The college football world was changed radically when the NCAA changed from its standard BCS system to determine postseason play to a playoff format. Since then, college football fans have enjoyed seeing the competition, and while it might not yet be the perfect system, it is a good step in the right direction.

Personally, college football has always been my second favorite sport, but I have to admit that there is something special and exciting about watching bowl games all throughout December and into January. Heck, even spending Thanksgiving watching the NFL is a blast.

But a question I’ve heard since this change has happened is this: are bowl games worth it? If the real goal is getting to the college football playoff and competing for a national championship, is it worth the time and effort to play a bowl game — especially since less prestigious games can cut into valuable recruiting time?

My answer is yes. Any bowl game is worth it.

I say that because bowl games are often a good indicator of a team’s progress, of how well they are progressing towards that ultimate goal. What bowl game you get invited to depends on your conference and your strength of schedule.

So allow me to pose this question — obviously the Utes won’t make the playoffs this season, a sad result of their two loss record. So would Utah fans be OK with not going to a bowl game since we won’t go to the playoffs? Would we want to see another two teams playing in the Rose Bowl, rather than our own? Of course not. The thought is ridiculous no matter how you look at it.

The goal of any sports team, collegiate or otherwise, is to get to the postseason and perform well enough to gain recognition and better talent for the next season. The whole point is to keep moving forward, and winning bowl games helps advance that agenda.

Not to mention that every bowl game has a guaranteed payout to participating teams. It’s literally a win-win scenario — a team gets guaranteed money, a chance to perform in front of a national audience, and it helps in recruiting. It only makes sense. The best players often want to play for the teams where they will get the most attention, and the bigger and better you can make a college football program, the more success you can potentially achieve.

A few years ago, the Utes had one of the longest bowl game winning streaks in the nation. The constant success in both regular and postseason play was part of the reason Utah was invited into an elite conference in the Pac-12. As fans, we enjoyed every single moment of it.
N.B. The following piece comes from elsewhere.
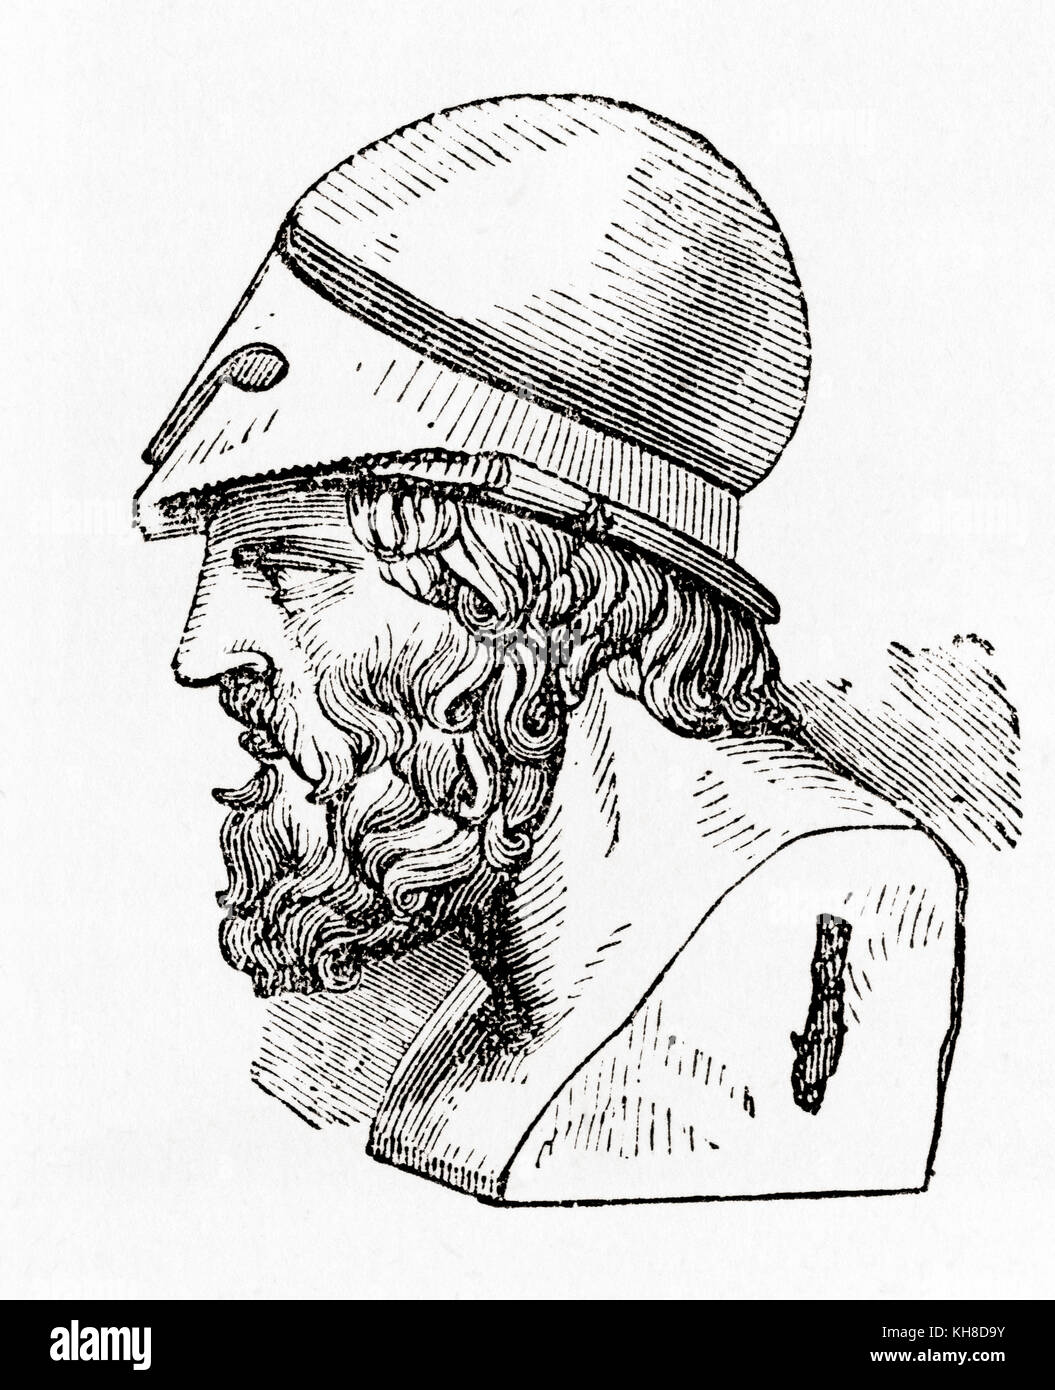 Aristides, 530 v. Chr. – 468 v. Chr. Der alte Athener Staatsmann. Aus Ward and Lock's Illustrated History of the World, veröffentlicht um 1882. Stockfoto

Of course you never want to be satisfied when it comes to postseason play. If you continually go to the Poinsettia Bowl year after year, or end up in some no name bowl game, you probably aren’t getting better. Bowl games are good for programs only so long as they help those programs get better. But the Utes don’t really have that problem this season. Utah keeps getting better, and even in spite of some unfortunate stumbles this season, they still have a shot at a decent bowl game.

The payout and national attention they receive will more than make up for any perceived loss at not going to the playoffs this year. A win at the Rose Bowl might just be the catalyst that puts this team over the top next season. As well as the Utes have played this year, with the chance of getting a better recruiting class next year, there’s almost no doubt in my mind the Utes will run the gauntlet and make the playoffs in the near future.